By early June California had already set 14 solar records, including generating 6,078 megawatts of solar energy simultaneously at noon on May 31, according to the California Independent System Operator, the nonprofit corporation that manages the state's electricity grid. The previous record for simultaneous solar generation, also belonging to California, had only been standing for 11 days.
Records like these are expected to continue to fall with rapid succession as California expands its already meteoric solar programs. Last year more than 73 cities in Southern California installed at least one megawatt of rooftop solar capacity, according to GTM Research, a clean-tech consulting firm. Rooftop solar capacity has continued to rise even as state incentives to install solar panels have mostly ended. This private growth has helped California's solar generation totals increase by a factor of six in the past four years.

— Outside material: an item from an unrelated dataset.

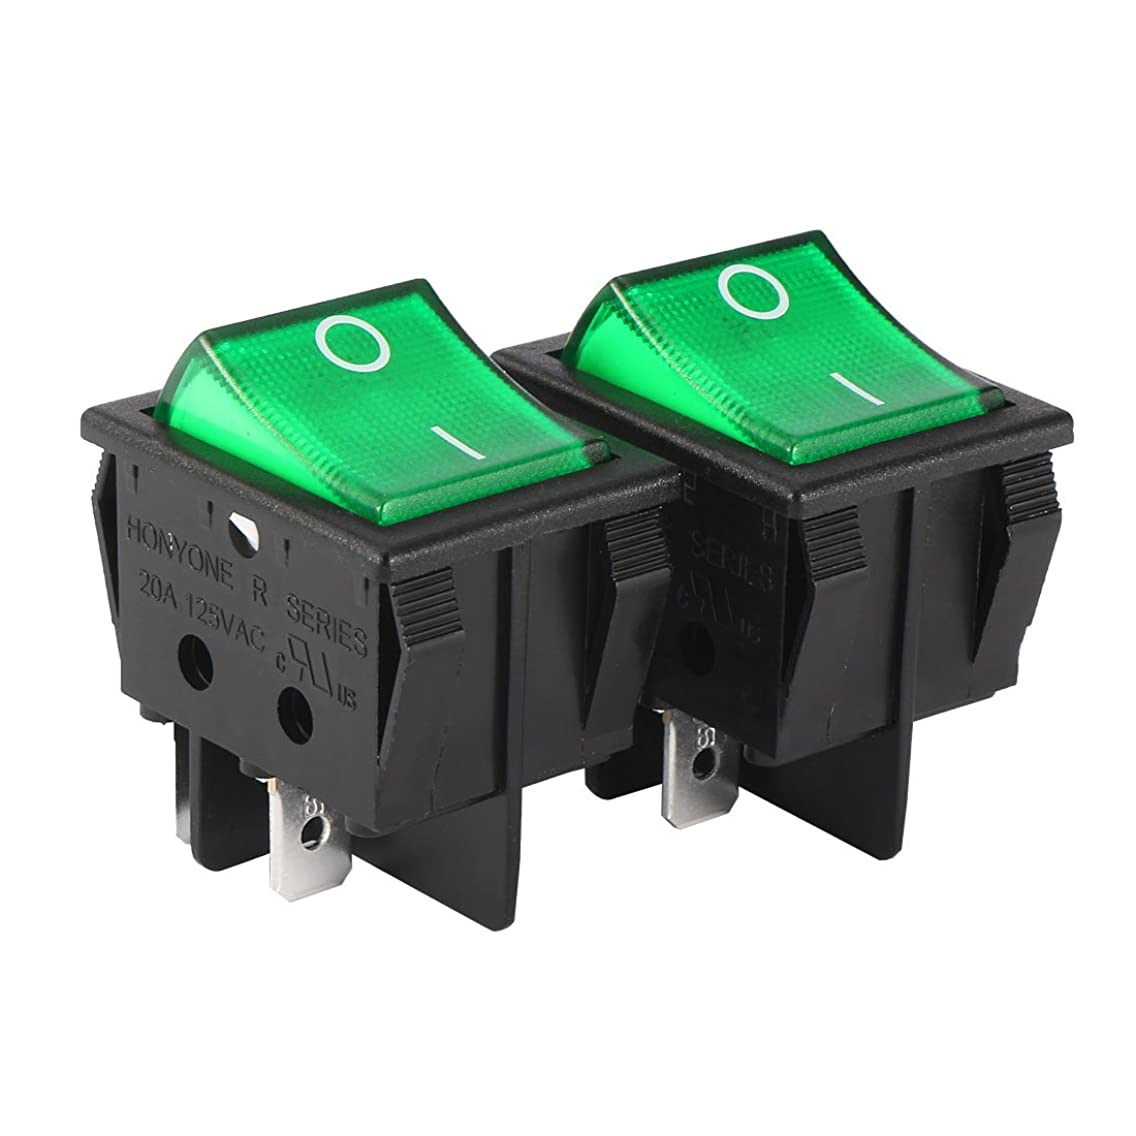 uxcell 2Pcs DPST On Off 4Pin ON/OFF Green LED Light Boat Lights Rocker Switch Push Button switch AC 20A/125V 22A/250V

Perhaps the most exciting aspect of California's solar power growth is that it has plenty of room left to grow. The state's renewable energy mandate requires that major utilities companies buy 33 percent of their retail electricity from renewable sources by 2020. While in 2013 the state's three largest investor-owned utilities collectively owned almost 23 percent, lawmakers are already calling to extend this goal to 50 percent clean energy, which would continue to fuel the grown in solar production.